[SOURCE MATERIAL — start]

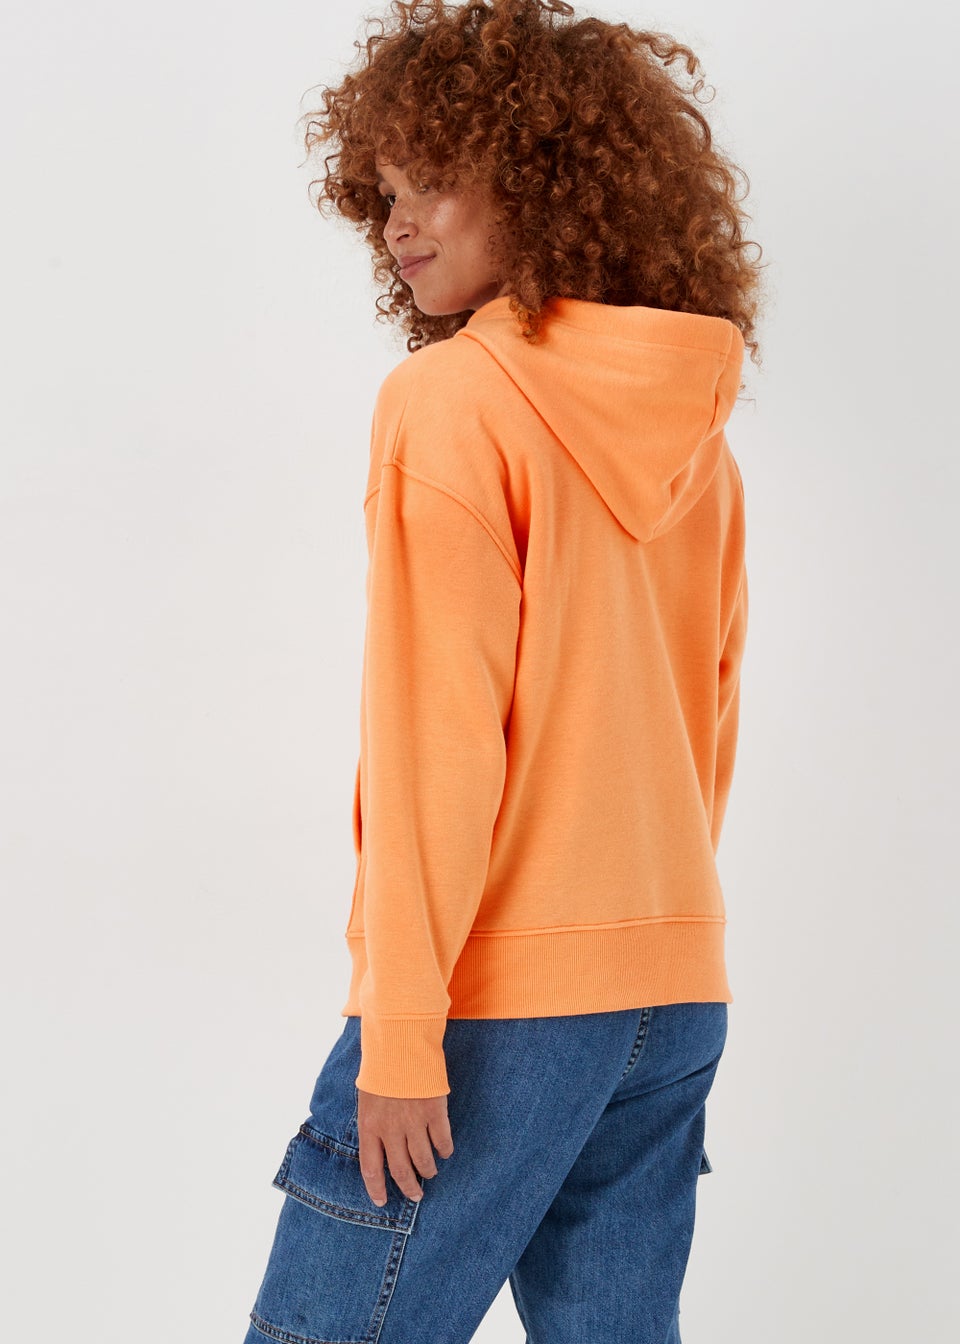 Women's Hoodies & Sweatshirts | Oversized & Zip Up – Matalan
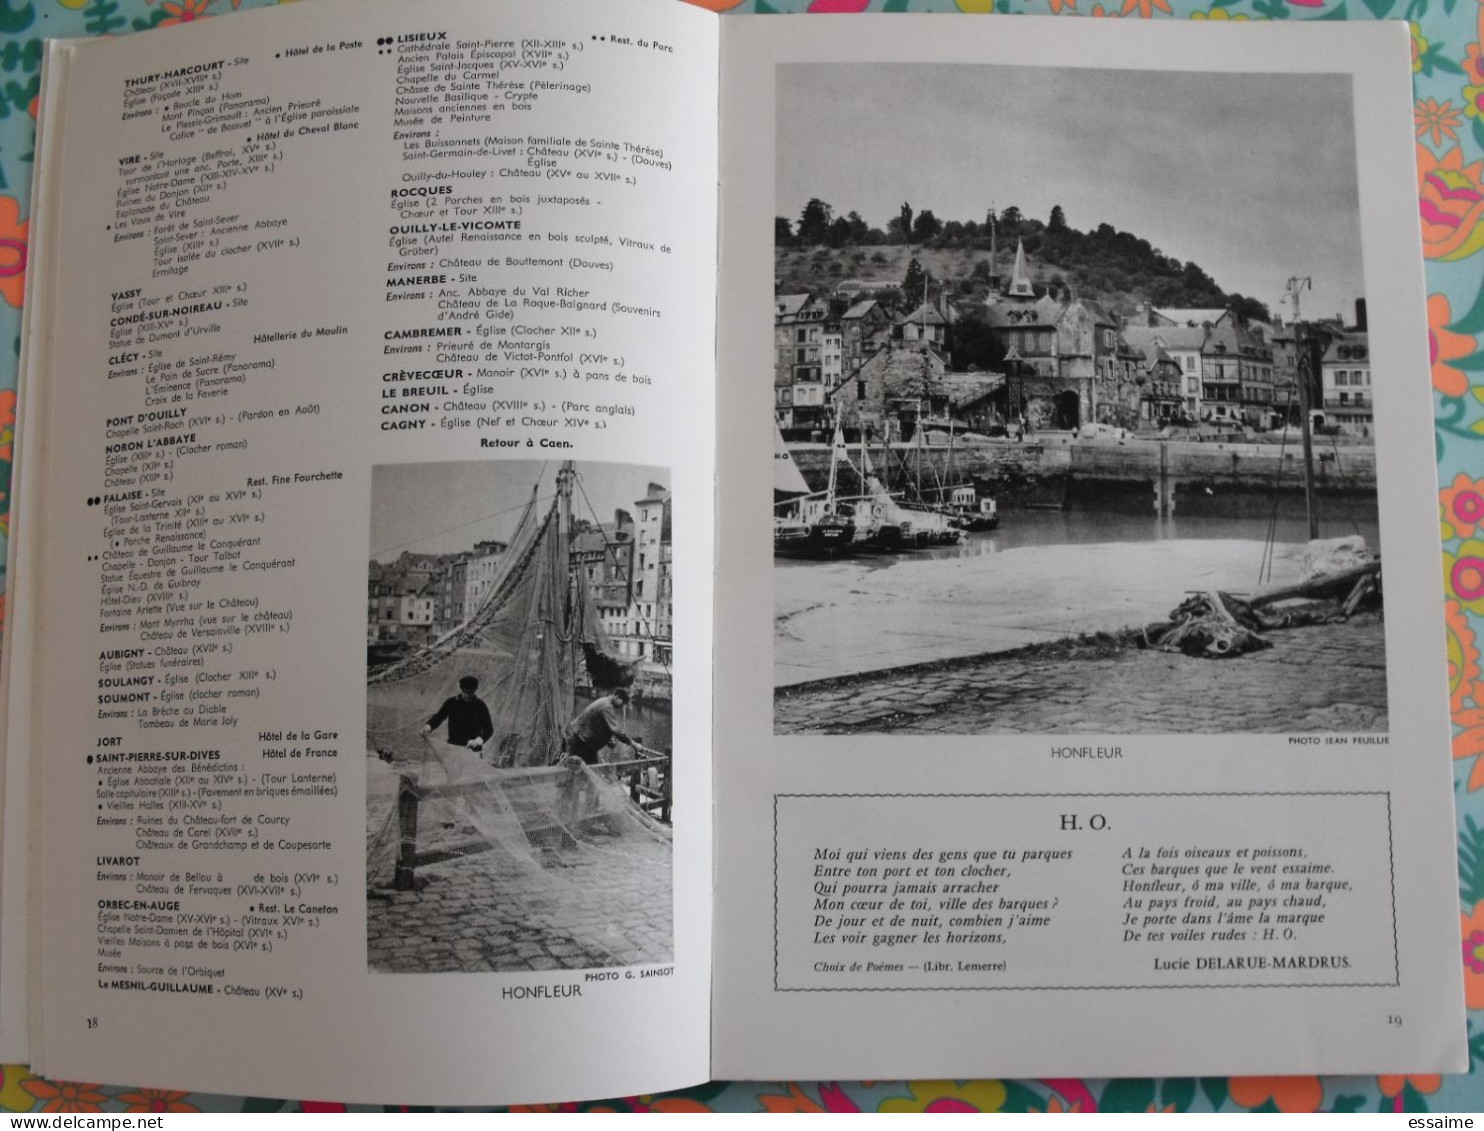 La France à table n° 106. 1964. Calvados.  brécy creully caen bayeux falaise deauville trouville honfleur. gastronomie
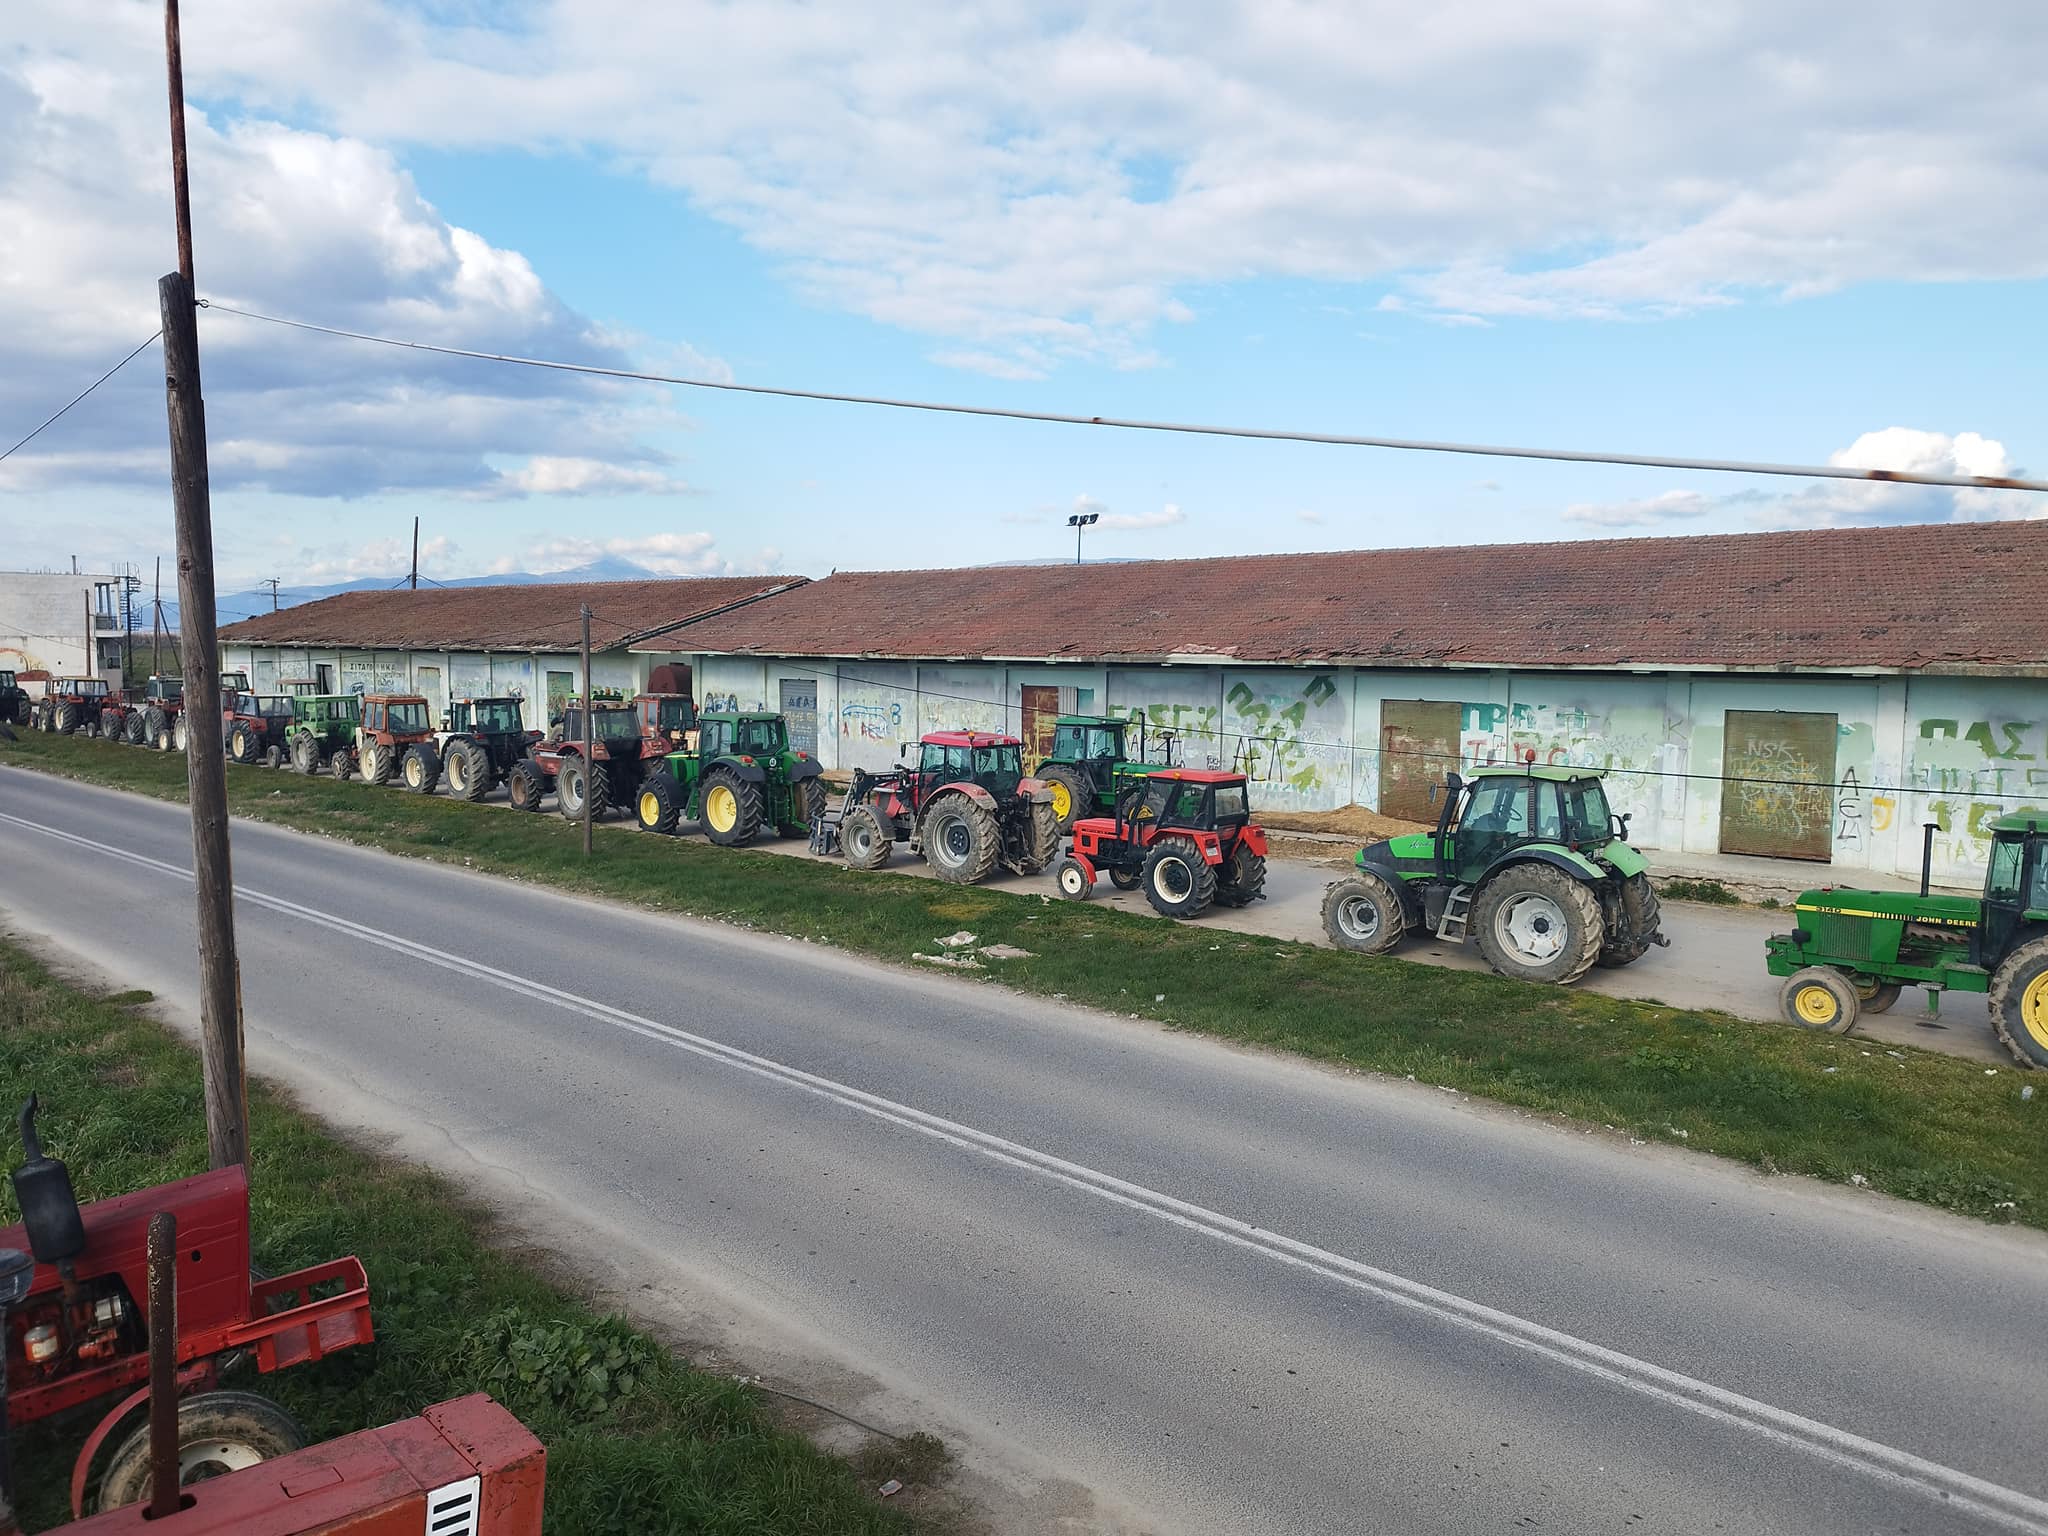 Βόλος: Συγκέντρωση αγροτών και φορέων στο Στεφανοβίκειο – Αποκλεισμός της παλιάς εθνικής οδού
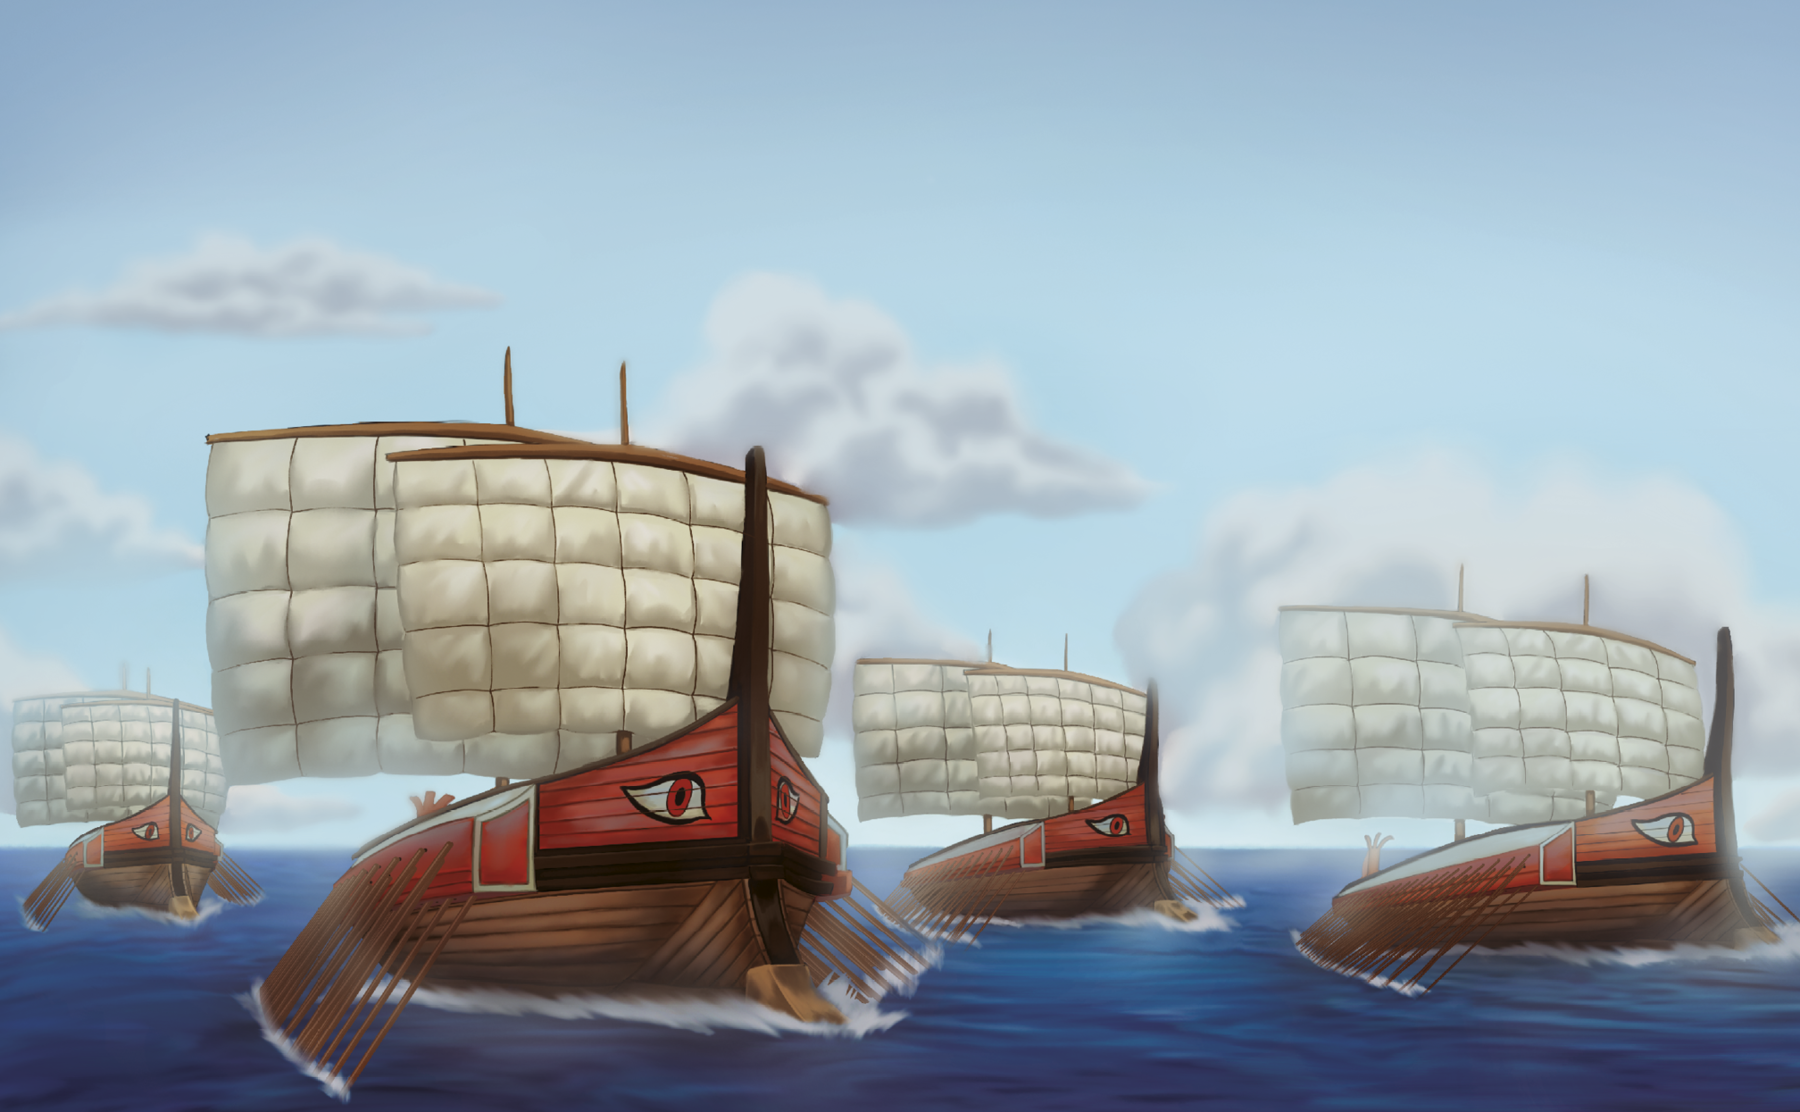 Ilustração. Quatro navios de madeira, com o casco arredondado, em alto-mar. Cada um tem duas velas, em formato retangular, e muitos remos nas laterais. Todos são decorados com olhos na proa.

[SOURCE MATERIAL — finish]

TASK INSTRUCTIONS -> In your answer, repeat the material above in full, exactly, and without its pictures.

THE ANSWER ->
 Women's Hoodies & Sweatshirts | Oversized & Zip Up – Matalan
 La France à table n° 106. 1964. Calvados.  brécy creully caen bayeux falaise deauville trouville honfleur. gastronomie
 Βόλος: Συγκέντρωση αγροτών και φορέων στο Στεφανοβίκειο – Αποκλεισμός της παλιάς εθνικής οδού
 Ilustração. Quatro navios de madeira, com o casco arredondado, em alto-mar. Cada um tem duas velas, em formato retangular, e muitos remos nas laterais. Todos são decorados com olhos na proa.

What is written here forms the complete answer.